Not that I see Israel as an evil place wreaking havoc in the Middle East - it is a complex problem, with no easy solutions (self evidently, or they would have been found by people of good will before now!)
Whilst growing up I knew more than one person who had survived the concentration camps - not all of them Jewish - and have some empathy with the real 'tribal' fear that if Jews don't protect their own, no one else will. After all, historically no one (or rather very few, let us not forget that there were a few people who did what they could) protested at the genocide. The silence was deafening. And shameful.
However, I think that there is a feeling growing that this is no justification for Israeli actions towards the Palestinians in Gaza and the West Bank (indeed that their history should make them more, not less understanding of the conditions in which the Palestinians live), and that the constant harping back to the feeling of vulnerability stemming from the holocaust (and from 1948 and 1967) is something which Jews and Jewish Israelis should 'get over'.

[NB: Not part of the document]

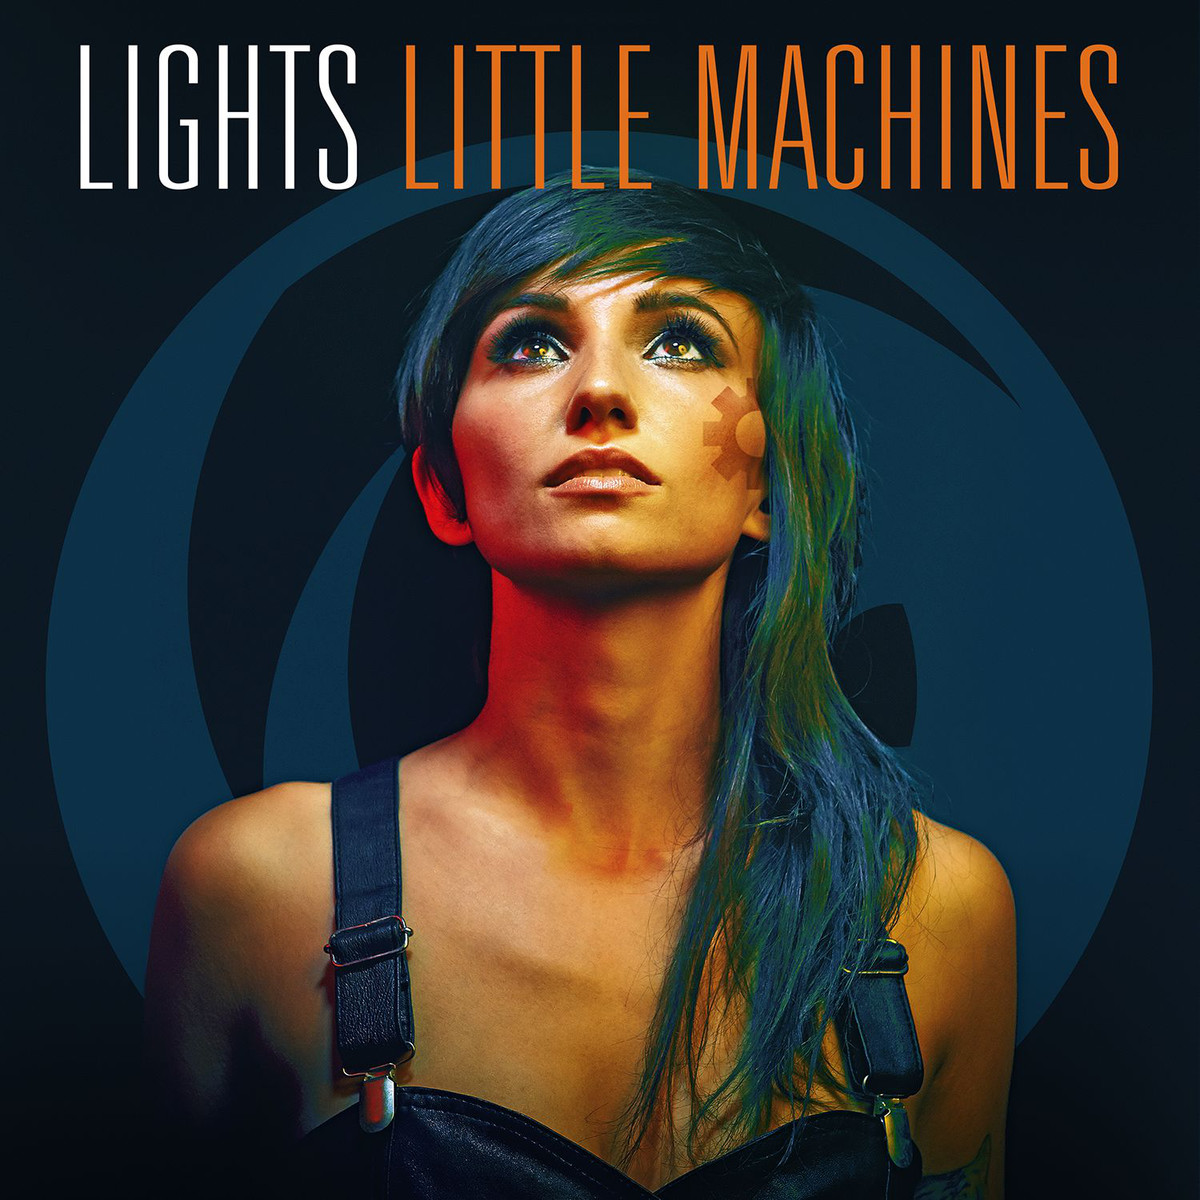 Lights-Little-Machines-2014-1200x1200.png

I am not sure that I am expressing this well, and I do not think that Jews should be expected to forget their history (nor do I think they could), nor that the rest of the world should ever forget just what man's inhumanity is capable of, and what happened in Europe, not just during (and immediately prior to) the second world war, but also further back in history. I live near York. I never walk past Clifford's tower without thinking of the Jews who took refuge there hundreds of years ago, and took their own lives rather than face the baying mob outside.
I do not however think that this history excuses injustice in the present.
What do you think Rev? Lisa? Anyone else?